Dancing Figures by Reynold Hart, 1949, pastel on paper, 29 x 38cm. Submitted as exhibit for the International Seminar on Rural Education sponsored by UNESCO held at Mysore, India, in November 1949. Stan, Melvie and Gael Phillips Collection, Berndt Museum of Anthropology.

Seventy years ago, traumatised Aboriginal children of the Carrolup Native Settlement in South West Australia ‘reached out’ to white society with their beautiful landscape drawings. These drawings won international acclaim, but the children’s efforts were eventually thwarted by a government decision to close Carrolup School.

David Clark, an Professor Emeritus of Psychology, has linked up with John Stanton, former Director of the Berndt Museum of Anthropology at the University of Western Australia, on a new project that will help the children reach out again, not with just their art, but also with their enthralling Story. We are working with David’s long-time collaborator, website developer Ash Whitney.

John has been involved with the Carrolup Story for 40 years and played a key role in the ‘discovery’ of a lost Carrolup art collection and in bringing back from America key pieces of this collection for an exhibition at Katanning in 2006. David’s interest arose in part through his educational work focused on the healing of historical trauma amongst Indigenous peoples.

We believe in a strengths-based, solution-focused approach to healing that celebrates success and cultivates positivity, acceptance and cultural pride. Positive Stories facilitate healing.

In our Carrolup project, we celebrate the Aboriginal children’s artistic talents, as well as their scholastic, musical and sporting achievements, and their strong personal values and sense of community. We show how the children’s achievements challenged the core foundation of a government’s racist policies.

Our project also celebrates the achievements of Noel White, the teacher who helped the children overcome their trauma and inspired their art, and the 71-year old Englishwoman Florence Rutter who exhibited the Carrolup art on both sides of the world to much public acclaim.

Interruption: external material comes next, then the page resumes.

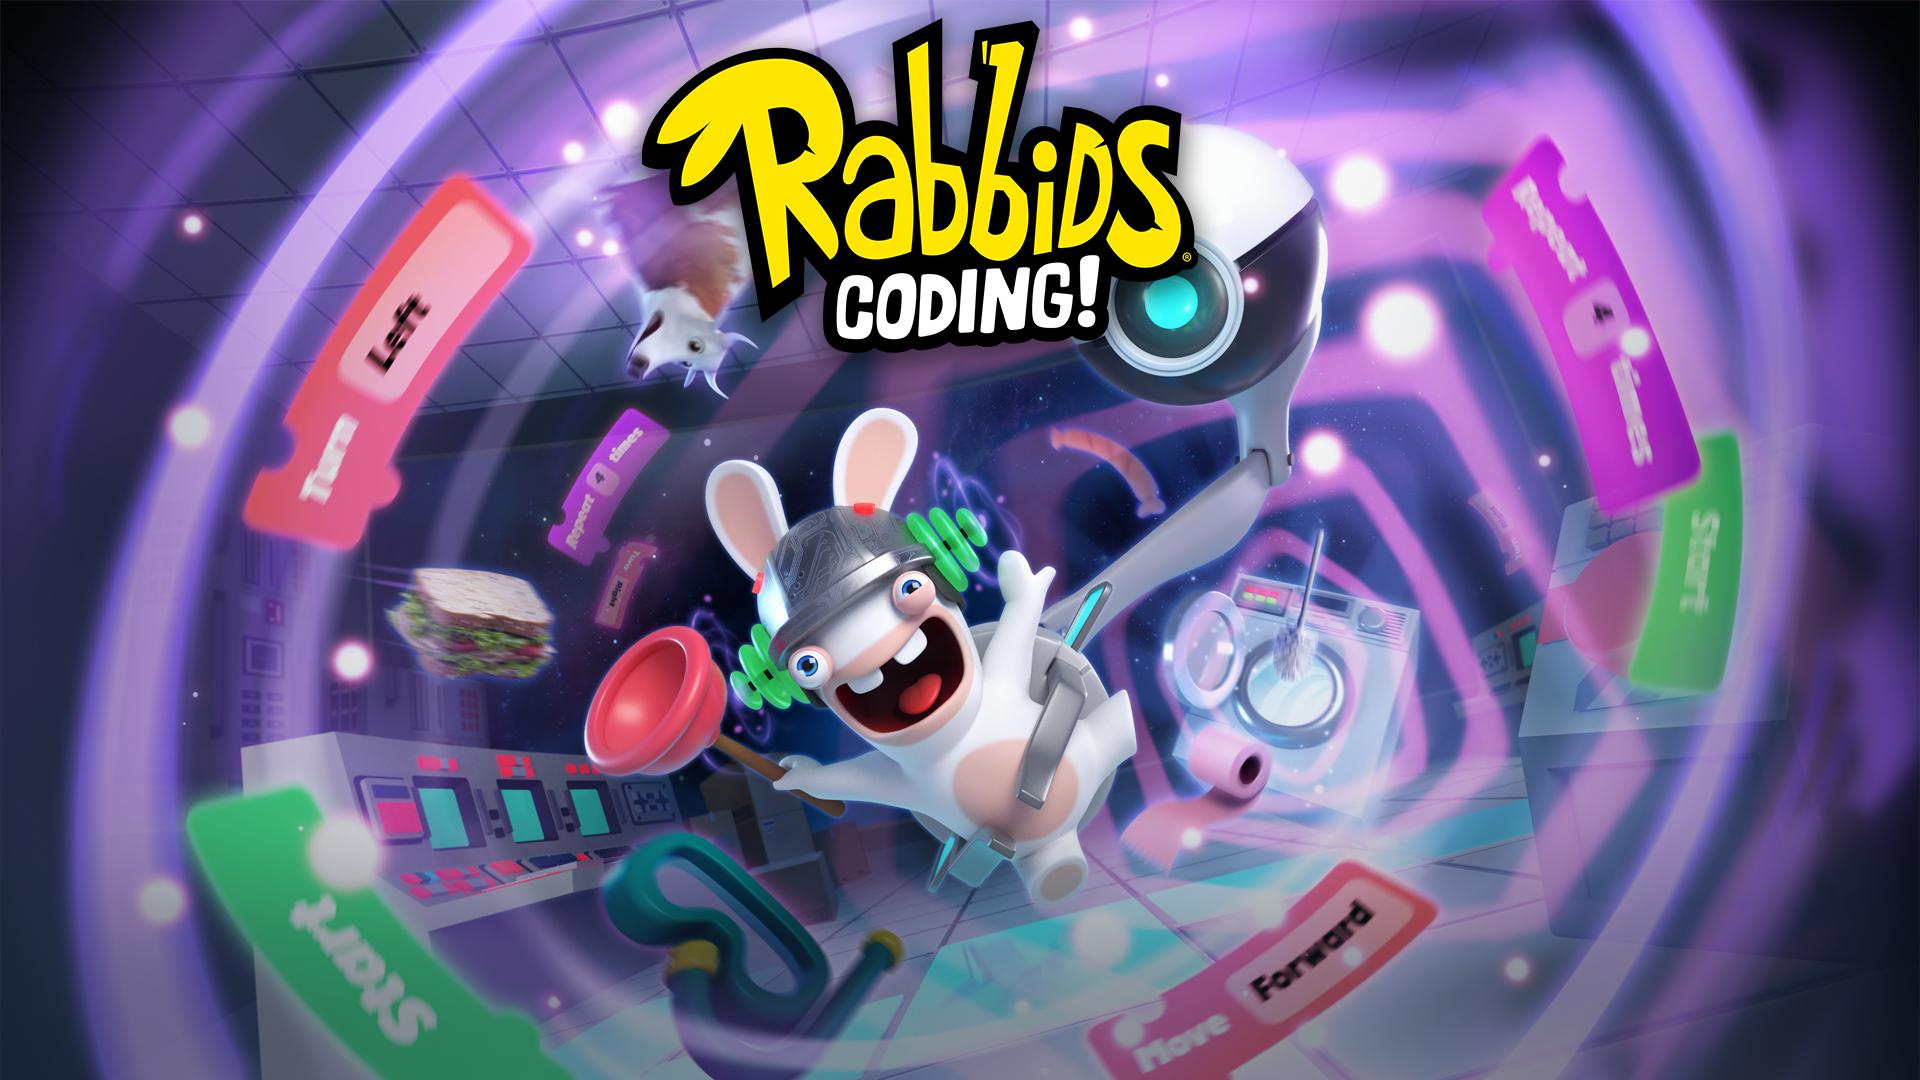 Ubisoft Añade Nuevos Niveles e Idiomas para Rabbids Coding

We highlight the roles played by other people who helped the children during their time at Carrolup, and after the school closure when the children faced the adversities of living in a white-dominated society that considered them ‘inferior’.

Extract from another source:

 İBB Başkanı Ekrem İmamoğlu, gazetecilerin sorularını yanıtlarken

Our project has involved the publication of an eBook, Connection: Aboriginal Child Artists Captivate Europe, in mid-2020. This book can be purchased via Amazon, Apple and Kobo, and can be read on mobiles, tablets and computers. David has written an article, The Aboriginal Child Artists of Carrolup, for Early Days, the Journal of the Royal Western Australian Historical Society (Number 104, 2020) which you can download here. You can download the cover of this Journal and read a blog post, Carrolup Child Artists Make History, I wrote about the article.

In addition, we are further developing this Storytelling, Education and Healing resource based on the Carrolup Story and its impact, as well as a grassroots engagement programme in local communities.

We are grateful to those people helping us with this project, including Noelene White, the daughter of Carrolup teacher Noel White. She has provided us with access to treasured family items related to her family’s life at Carrolup Native Settlement. The project has been encouraged and inspired by Noongar people, including cultural leaders, and leading experts in the healing of trauma.